Б.К. Да? Я считаю, что есть явления в искусстве, которые открывают новую форму, а есть явления, которые открывают новое содержание. Или вскрывает новое содержание. И вот Левитан был никакой не новатор, никакой формы не открыл, салонный художник. Но ведь он открыл русский пейзаж. До него ничего этого не было – перелесочек, оглобля и прочая фигня. Никто этого не рисовал. Был Шишкин, который немец по сути своей. Шишкин - это немецкая олеография. А вот Левитан открыл русский пейзаж. И потом миллион советских художников – они делали Левитана. Околица, стожок и так далее. Он открыл прелесть обыденного, как Чехов открывал поэзию в обыденности, никаких Шекспировских страстей. Ну вот.

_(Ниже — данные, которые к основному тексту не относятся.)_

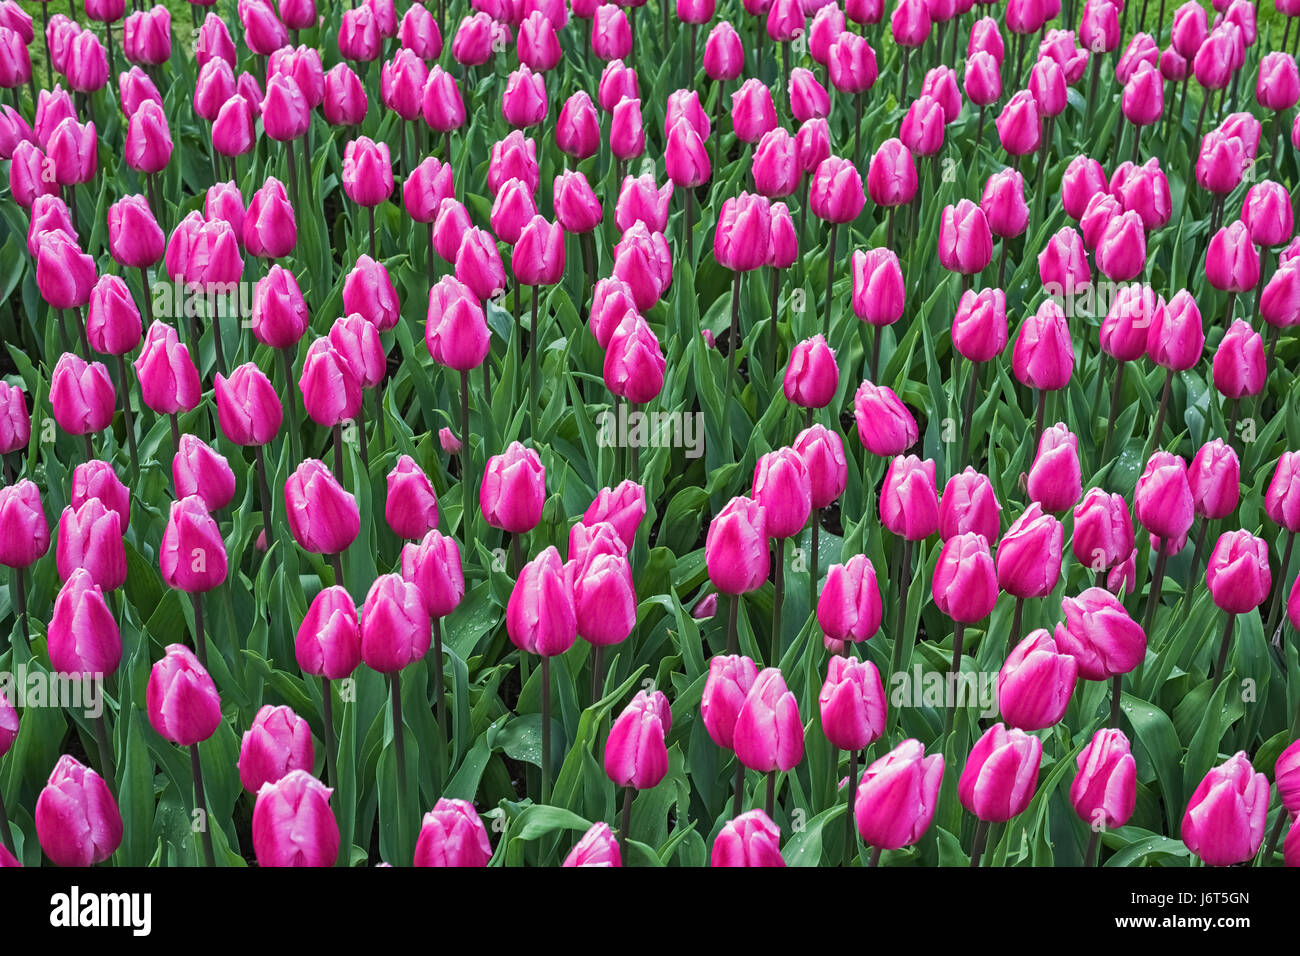 Blooming pink tulips, Keukenhof garden, Netherlands, Europe. Spring outdoor scenery. Flower bed in park. Beautiful romantic landscape Stock Photo

А.П. Ну хорошо. Закончим о Левитане. А вот ваша драматическая черно-белая графика. Именно графика. Она очень психосоматическая.

Б.К. Да, разве? А я думал, что она очень жизнерадостная (смеется). А мне кажется, что даже когда я кладбище рисую, у меня там весело так. Веселое кладбище…

А.П. Этот такой вот «немецкий экспрессионизм», он имеет органистическую интенцию?

Б.К. Все, что я сделал фактически, я понятия не имел о немецком экспрессионизме. Потом я понял, что я им внутренне близок. А в то время, когда я начинал делать эту свою черно-белую графику, я не знал о них. Это сейчас все доступно, любые книжки, любые альбомы…

А.П. Перебью, потом расскажете про Гюнтера Грассе и других. А вот как Вы считаете, они вообще Вам нужны были, эти книжки? Можно было ли из себя это сделать, не глядя…

Б.К. (перебивает) Да так и было, так и было. Никаких книжек не было тогда, да и вообще дело вот в чем. Человек не может выскочить за пределы своего тела и своей органики. Выскочить за пределы своей органики можно только искусственным построением. Если ты не откликаешься на свое биологическое поведение, то, что ты делаешь – это искусственное и выдуманное. Навязанное. Вообще большая часть того, что сделано в искусстве – это искусственное и выдуманное. То, что человеку внушили. Что хорошие картины это должно быть вот так. А люди, которые что-то двигали, говорили новое слово в искусстве - это было их биологической сущностью. Ни Сезана, ни Ван-Гога невозможно было чему-то научить, что-то внушить.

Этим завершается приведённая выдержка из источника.